A pillow of goats’ hair. — More accurately, a goat’s skin about its head. So render the Syriac and Vulgate Versions. The reason of this act apparently was to imitate the effect of a man’s hair round the teraphim’s head. Its body, we read in the next clause, was covered “with a cloth.” Some scholars have suggested that this goat’s skin was a net-work of goat’s hair to keep off the flies from the supposed sleeper. The LXX., instead of k’vir (skin), read in their Hebrew copies keaved (liver). As the vowel points were introduced much later, such a confusion (especially as the difference between d and r in Hebrew is very slight) would be likely enough to occur in the MSS.

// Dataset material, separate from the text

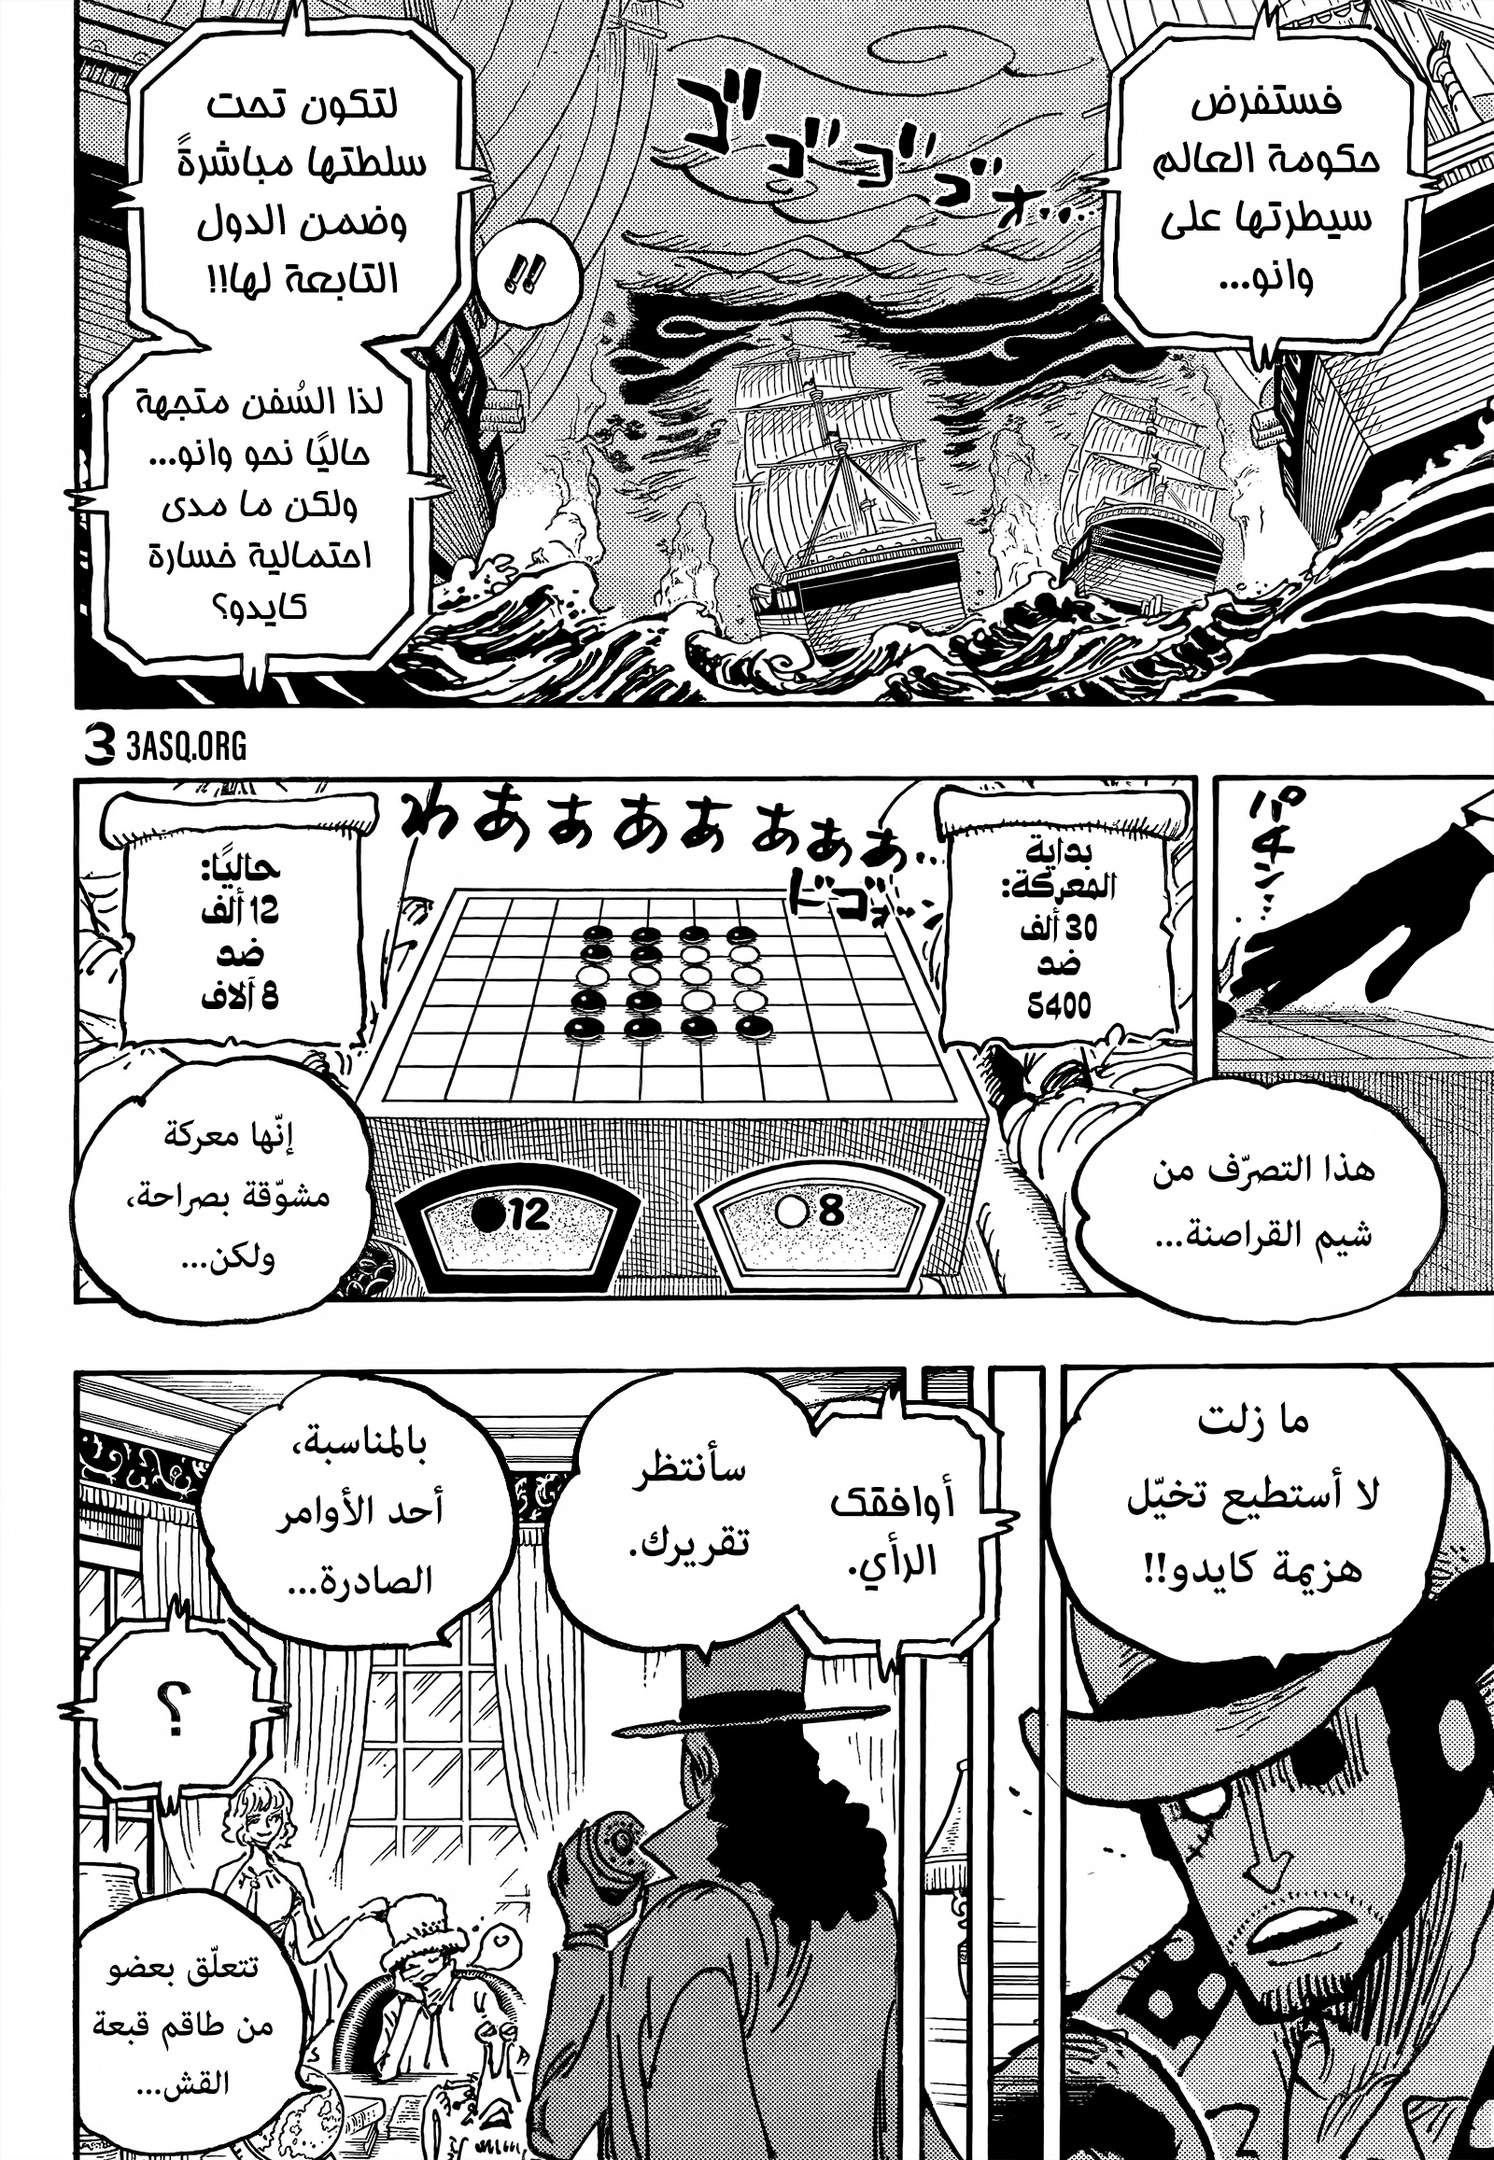 Arab One Piece 1028, image №4

Josephus, adopting the LXX. reading, explains Michal’s conduct thus — “Michal put a palpitating goat’s liver into the bed, to represent a breathing sick man.”

With a cloth. — Heb., beged. This was David’s every-day garment, which he was in the habit of wearing. This, loosely thrown over the image, would materially assist the deception. The fifty-ninth Psalm bears the following title — “A michtam(or song of deep import) of David, when Saul sent, and they watched the house to kill him.” The internal evidence, however, is scarcely confirmatory of the accuracy of the title. The sacred song in question is very probably one of David’s own composition, and it is likely enough that the danger he incurred on this occasion was in his mind when he wrote the solemn words; but there are references in this psalm which must apply to other events in his troubled, anxious life.

1 Samuel 19:13

13 And Michal took an image,b and laid it in the bed, and put a pillow of goats' hair for his bolster, and covered it with a cloth.